### What this task involves
Copy, word for word, the lines below from the one containing "Purple Soft Comfort" up to and including the one containing "Fall foliage in a Vermont town.", with pictures left out.

### Source material
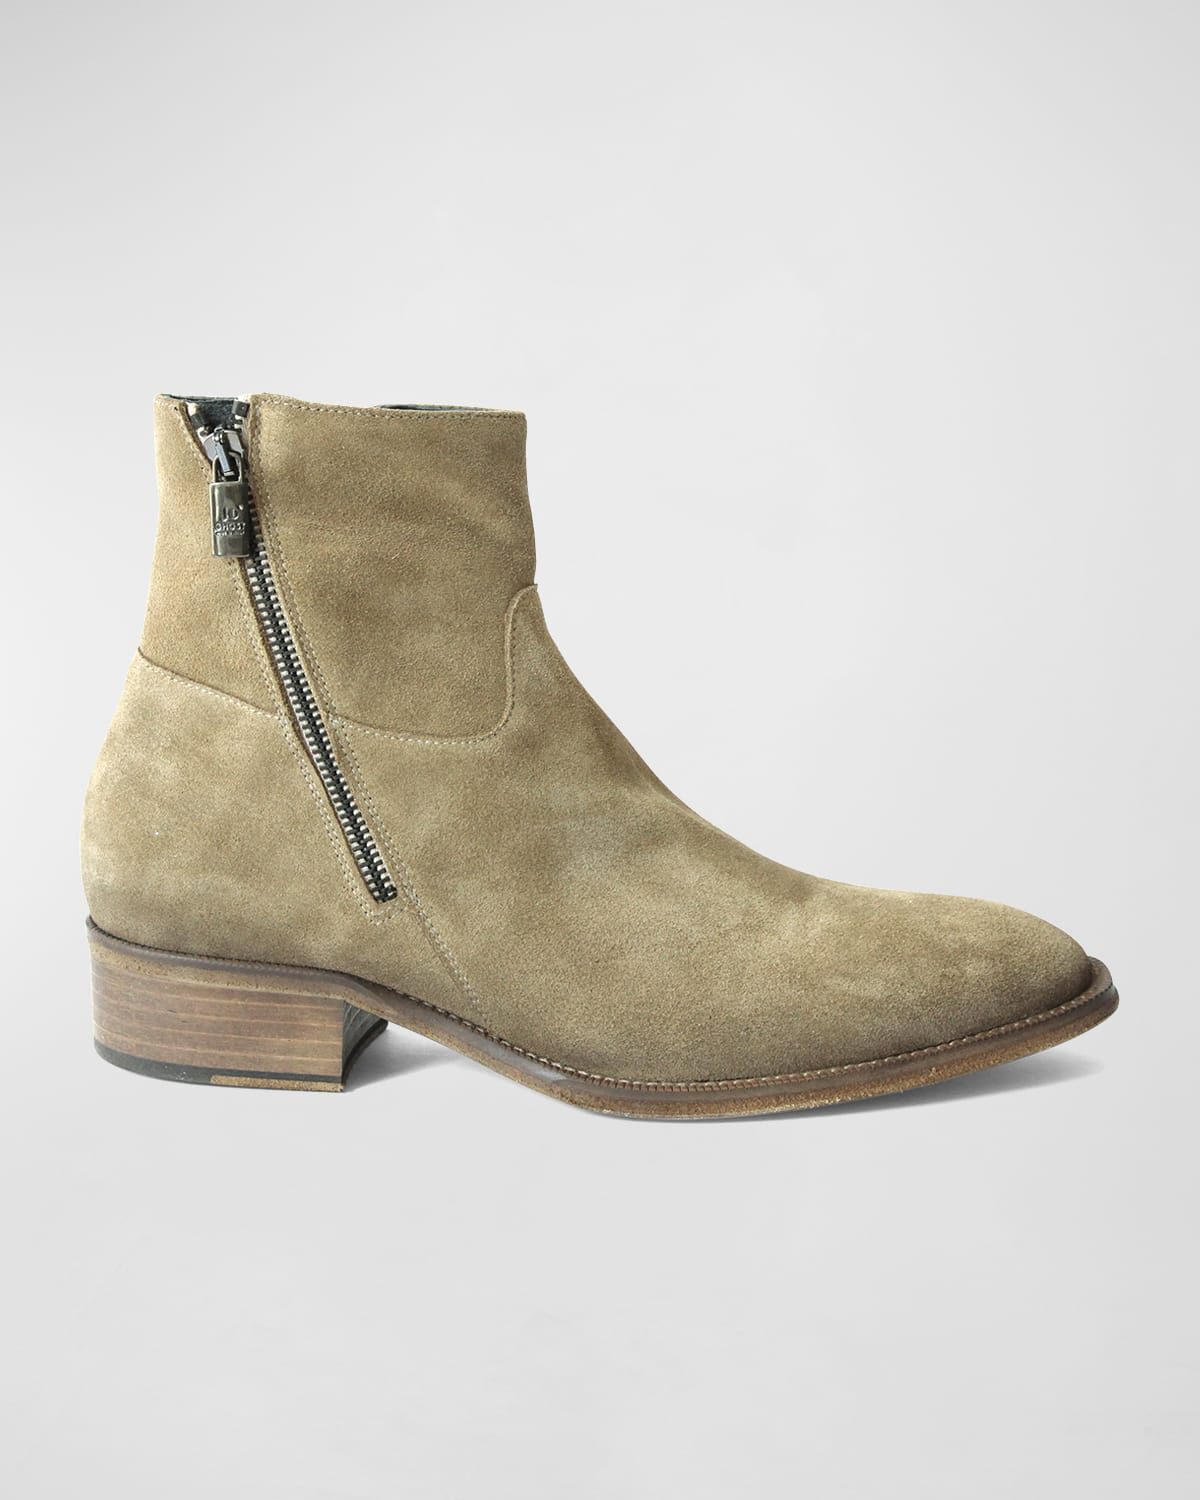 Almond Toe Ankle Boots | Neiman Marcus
==
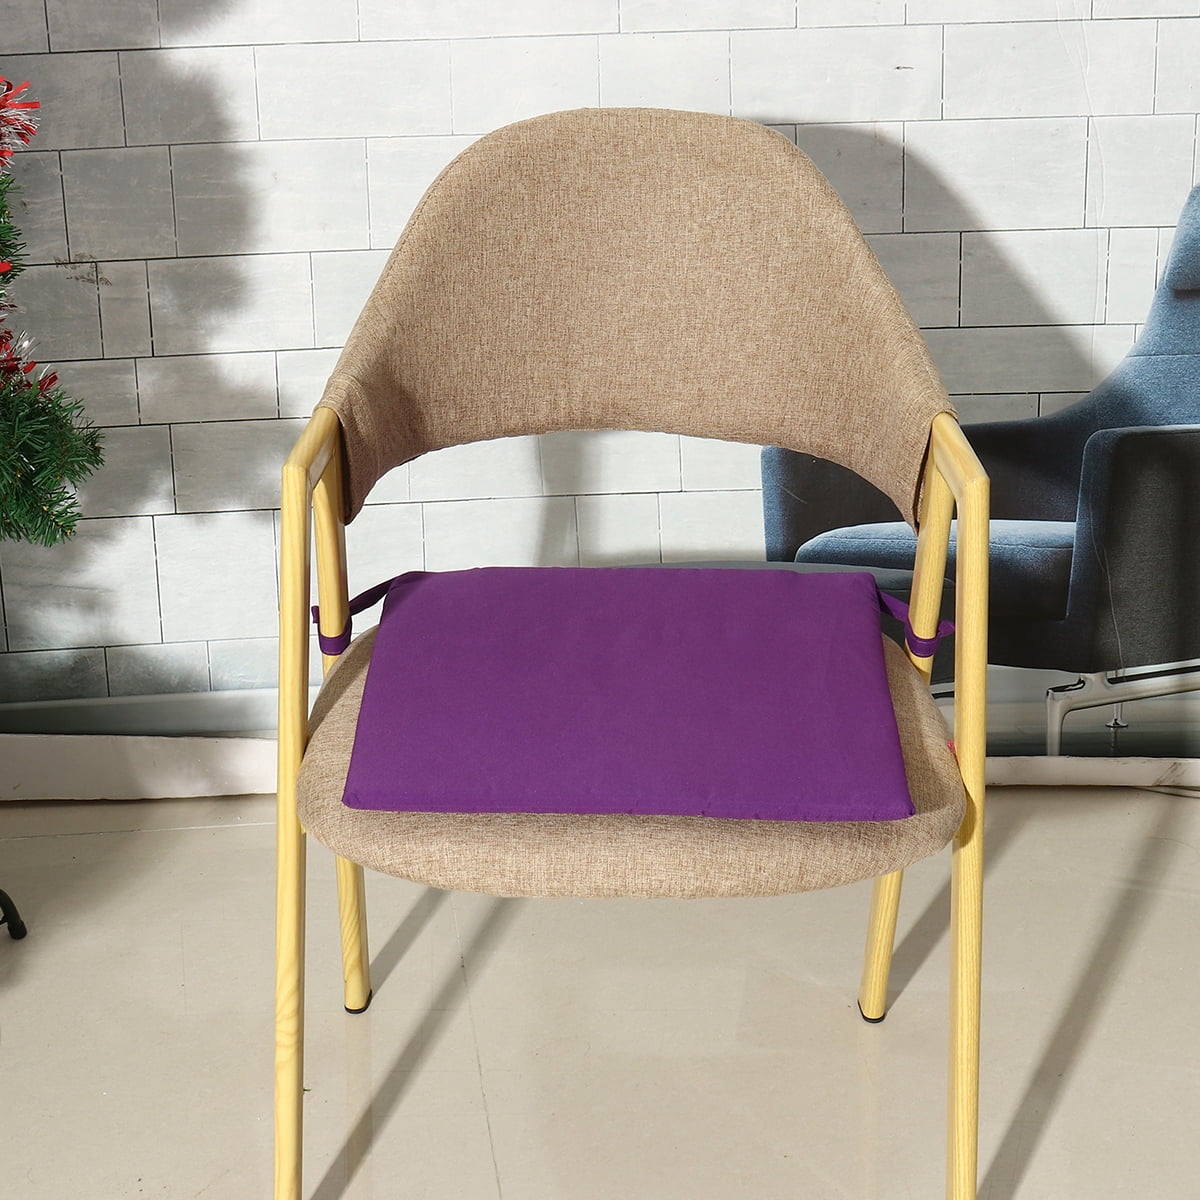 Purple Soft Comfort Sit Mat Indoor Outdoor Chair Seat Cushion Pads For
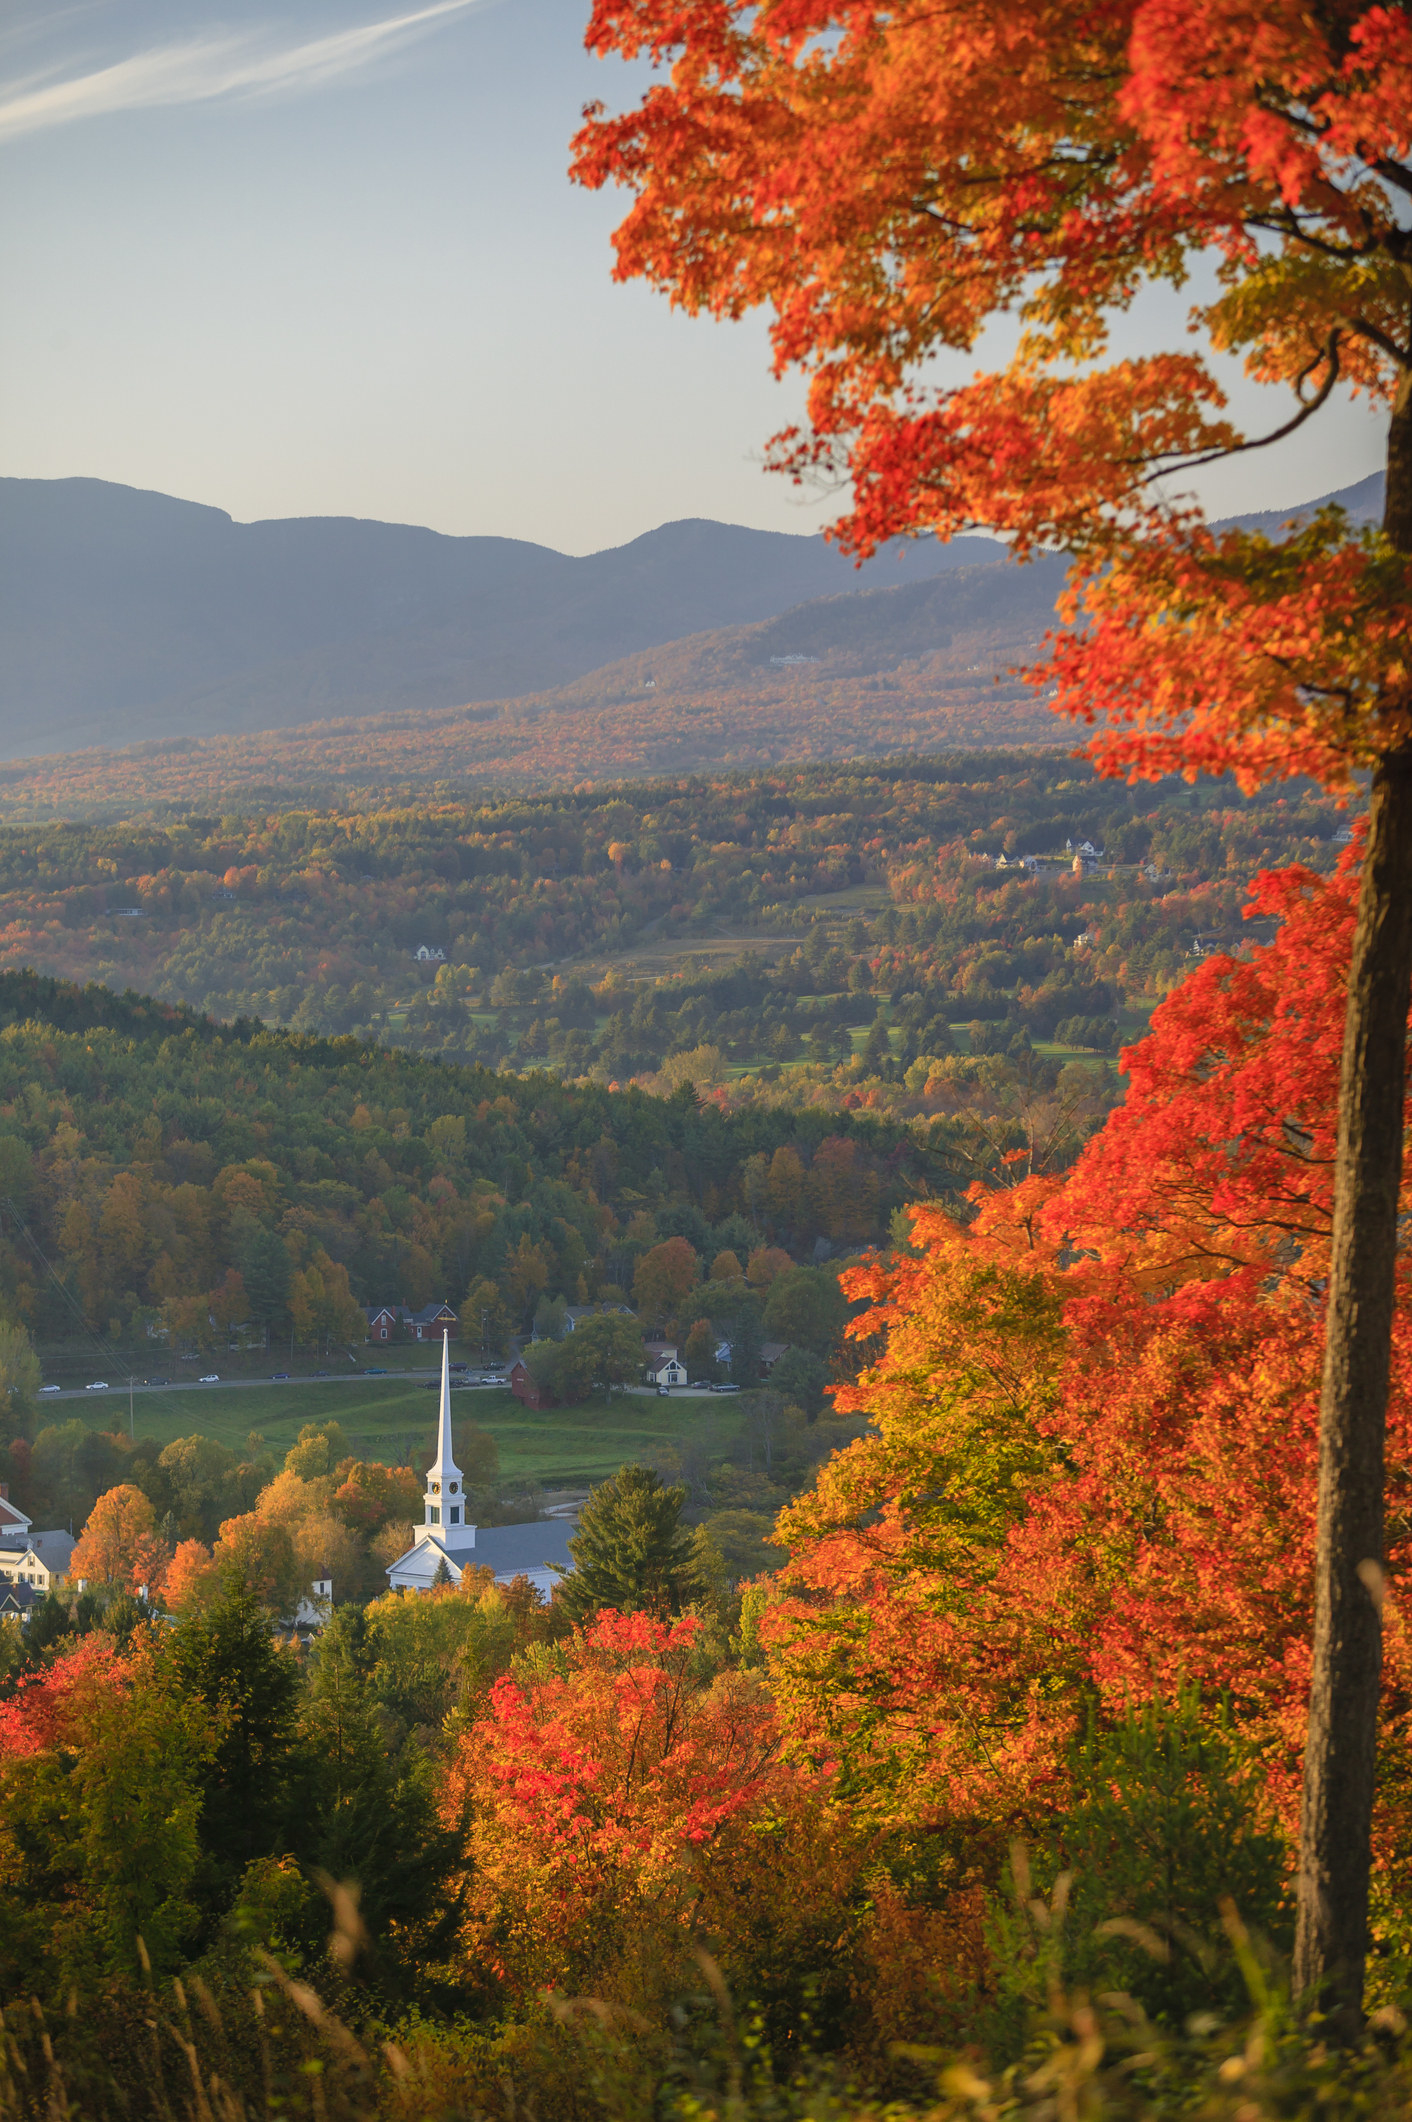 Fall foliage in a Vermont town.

### Answer to the exercise
 Purple Soft Comfort Sit Mat Indoor Outdoor Chair Seat Cushion Pads For
 Fall foliage in a Vermont town.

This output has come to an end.